◆ Available data ◆
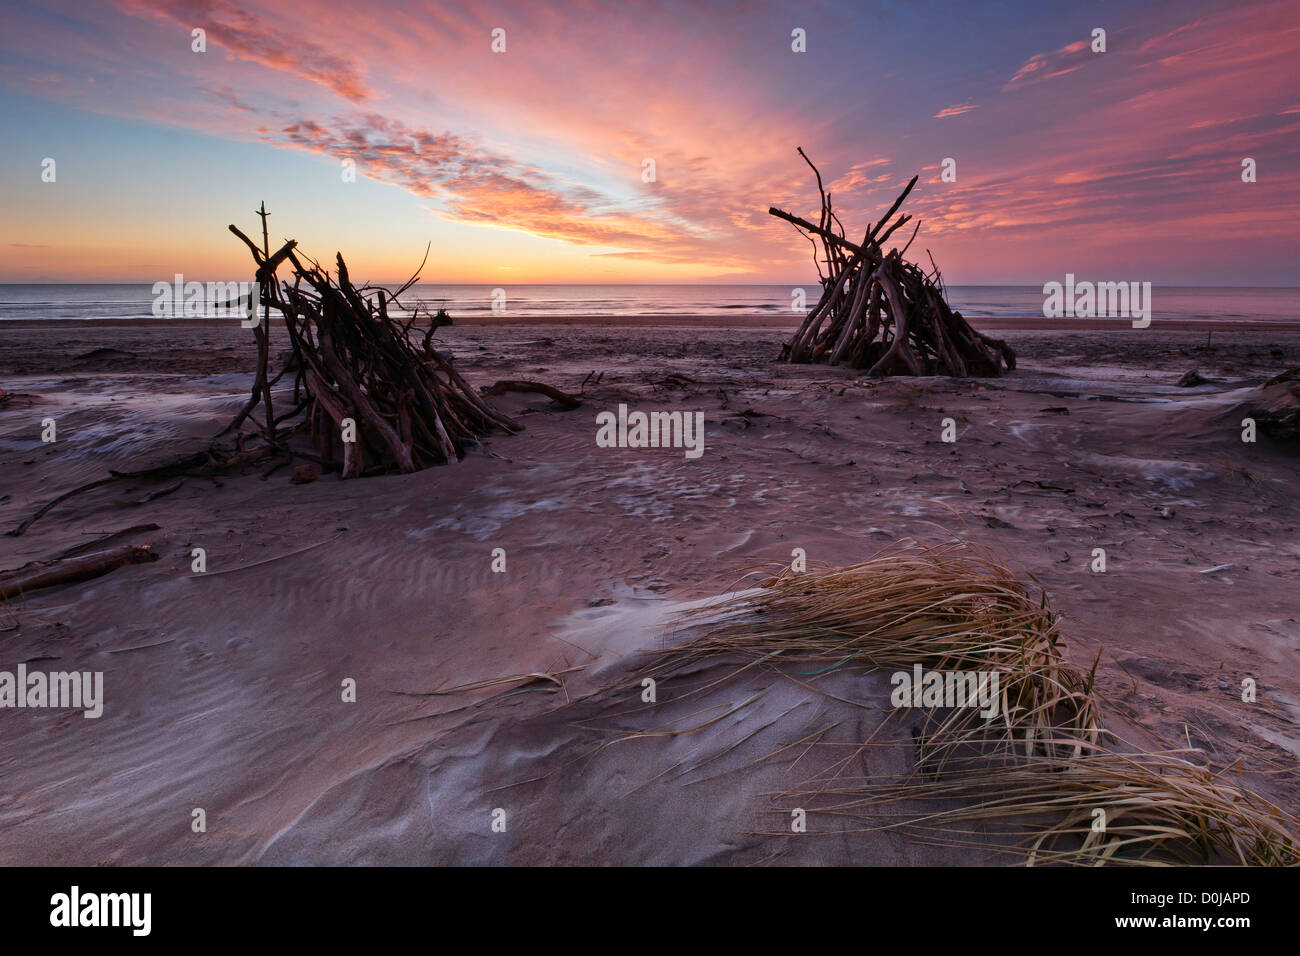 Treibholz blendet bei Sonnenaufgang am St Cyrus. Stockbild
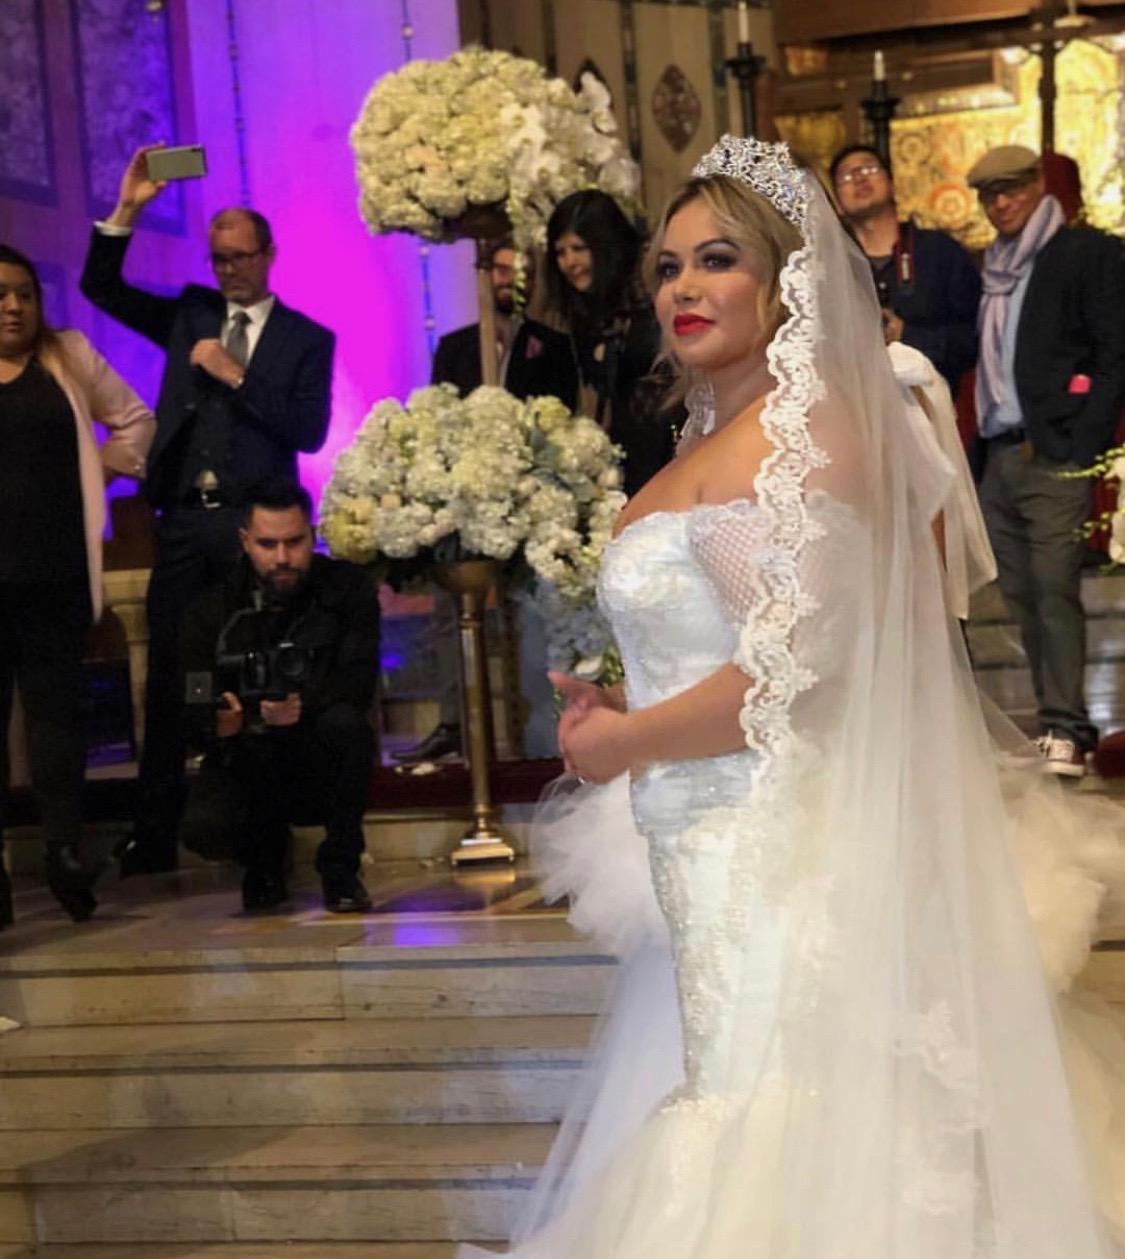 Chiquis Rivera Wedding: Chiquis Rivera Se Viste De Novia
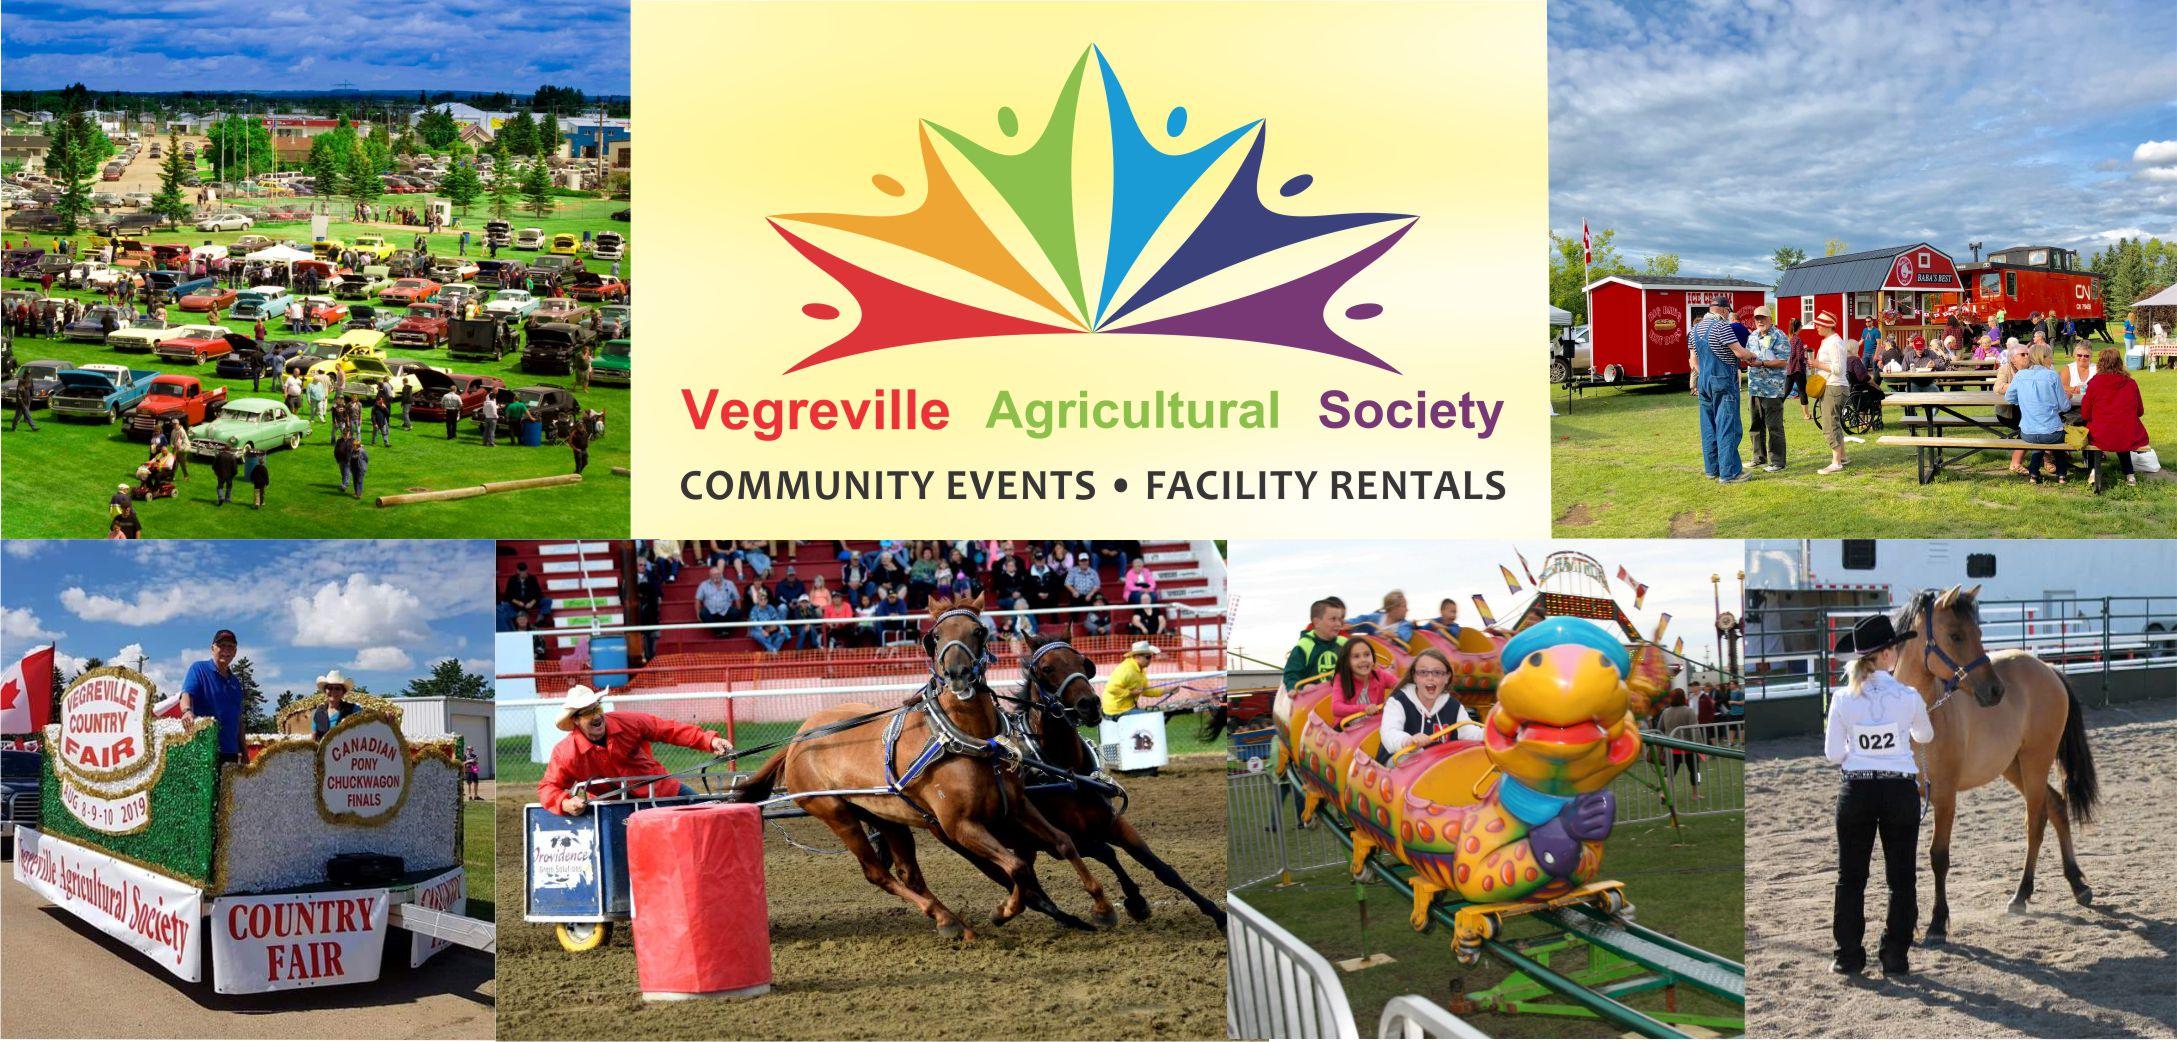 Vegreville Agricultural Society

◆ Description of the task ◆
Could each line of the data be written out exactly, with no pictures included?

◆ Response ◆
 Treibholz blendet bei Sonnenaufgang am St Cyrus. Stockbild
 Chiquis Rivera Wedding: Chiquis Rivera Se Viste De Novia
 Vegreville Agricultural Society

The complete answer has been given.